SPECIAL GANG REPORT: Teaming up against organized crime

The Combined Forces Special Enforcement Unit and Abbotsford Police's Gang Suppression Unit are putting a bite on gang crime.

  • May. 15, 2013 5:00 a.m.
Members of the Abbotsford Police Department Gang Suppression Unit advance on a targeted home.

Members of the Abbotsford Police Department Gang Suppression Unit advance on a targeted home.

Abbotsford was once ground-zero for gang warfare that raged across the Lower Mainland. Police initiatives, including the Combined Forces Special Enforcement Unit (CFSEU), and the Abbotsford Police Department Gang Suppression Unit, have turned the tide.

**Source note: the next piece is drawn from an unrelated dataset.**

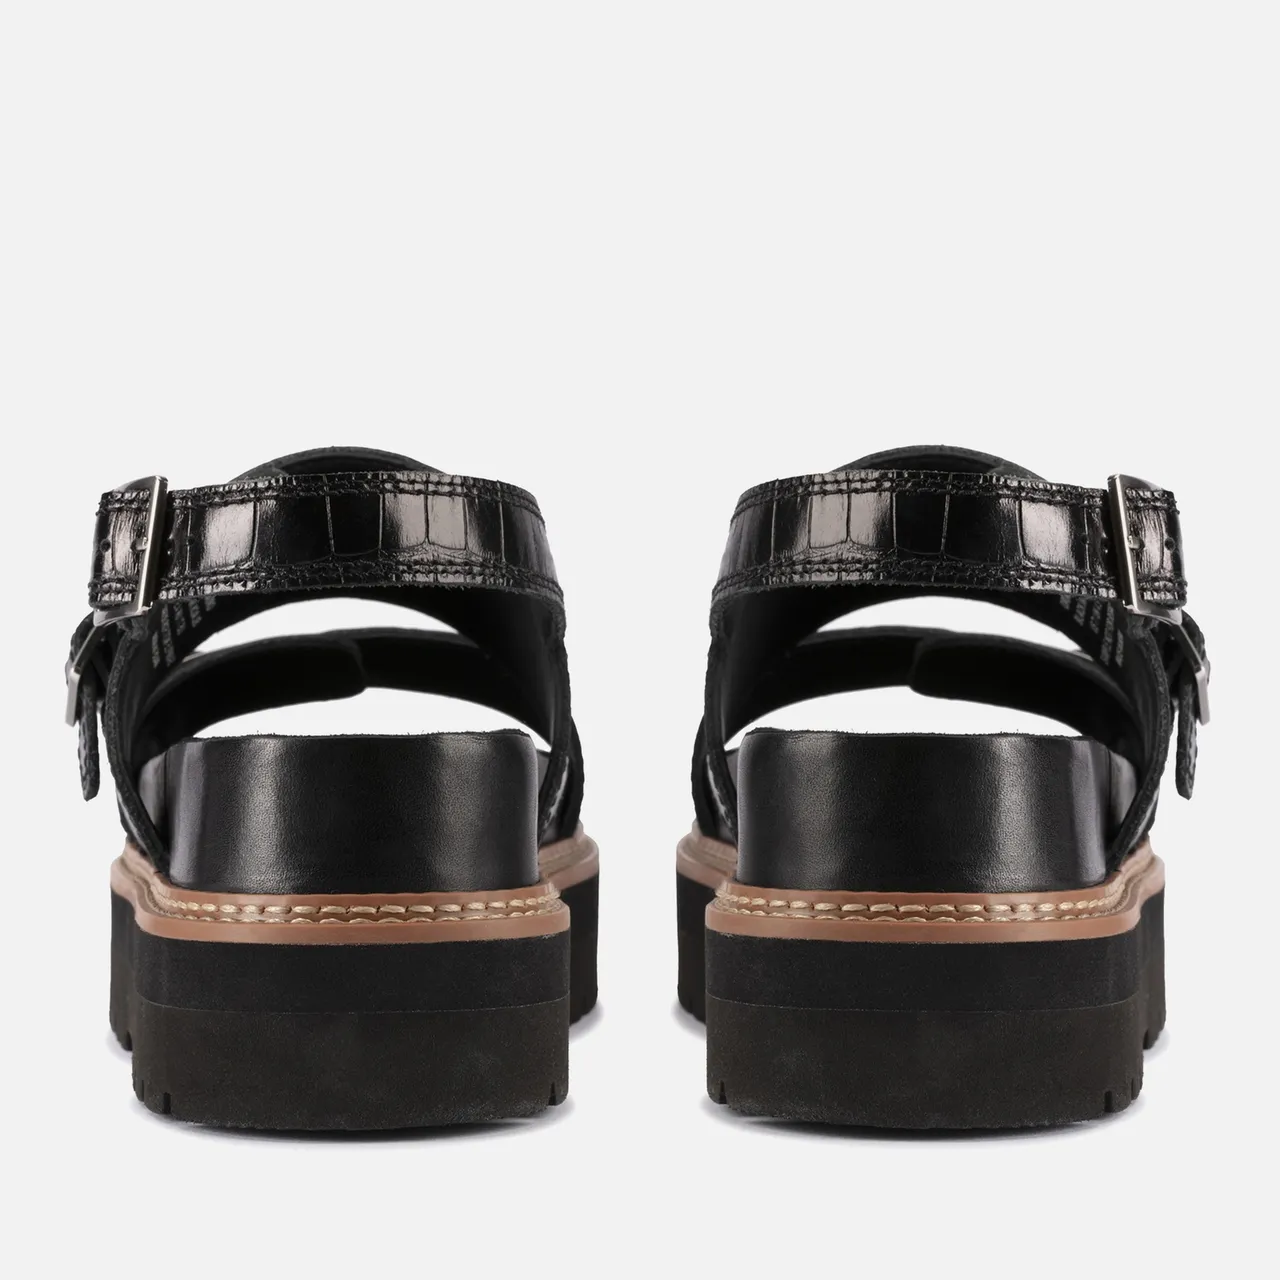 Clarks Women's Orianna Glide Cros-Effect Leather Sandals

This is a CFSEU and Abbotsford News special report.

Gang violence and murders escalated in the Lower Mainland in 2008-09, fueled by rival gangs’ battle for dominance in the competitive drug trade.

Leading this bloody war on one side was the Red Scorpions gang headed by Abbotsford’s notorious Bacon brothers – Jamie, Jarrod and Jonathan – while on the other was the United Nations Gang.

Abbotsford recorded eight homicides in 2008 and 11 in 2009 – most gang-related – leading to the city being dubbed the “Murder Capital of Canada.”

The violence sometimes spilled onto city streets – as epitomized by the incident in January 2009 in which numerous shots were fired at Jamie Bacon in broad daylight while he was in his vehicle at the busy intersection of South Fraser Way and Sumas Way.

The Abbotsford Police Department responded to the violence by forming its gang suppression unit (GSU) in April 2010. The GSU’s focus was the disruption and intervention of gang activity, working in consultation with other agencies such as the regional Combined Forces Special Enforcement Unit (CFSEU-BC), which is the province’s anti-gang police unit.

CFSEU-BC is an integrated joint forces operation that draws and develops highly specialized officers from federal, provincial and municipal agencies around the province, including Abbotsford.

The team of 400 officers and civilians focuses on intelligence sharing, coordination and strategic deployment against the threat of violence posed by organized crime groups and gangs in B.C.

Although the Red Scorpions collapsed with the imprisonment of two Bacon brothers, and the murder of the third, the CFSEU and other units continue to operate as other people fill the roles left by gangsters who have been jailed or killed.

ABBOTSFORD GANG SUPPRESSION UNIT

The Abbotsford Police Department’s gang suppression unit (GSU) was formed in April 2010 in response to the number of gang-related murders and violent crimes in the city. When the unit formed, police said their top concern was public safety, as they aimed for a 20 per cent drop in violent gang crime and a 15 per cent reduction in listed gang associates. Those numbers have since been reached. The 14-member team’s role is to disrupt gang activity, keep tabs on known criminals and make arrests where necessary.

Police Chief Bob Rich has always said the goal is to make Abbotsford a miserable place for criminals to do business. His was the first department to identify the Duhres as a prominent crime group in the Lower Mainland. The GSU works in consultation with other agencies, including the CFSEU-BC, to coordinate investigations.

CFSEU-BC is made up of police officers from:

Abbotsford Police Department, Canada Border Services Agency, Central Saanich Police Service, Delta Police Department, New Westminster Police Department, Organized Crime Agency of British Columbia, Port Moody Police Department, Royal Canadian Mounted Police, Saanich Police Department, Transit Police, Vancouver Police Department, Victoria Police Department, West Vancouver Police Department.

Other partners include the Canadian Association of Chiefs of Police and the International Association of Chiefs of Police and the Organized Crime Agency of British Columbia (OCABC), a fully independent and provincially-designated police agency.

The CFSEU has now published its first-ever Community Report, which details the agency’s activities, objectives and statistics.

The report can be read online at bc-anti-gang.com.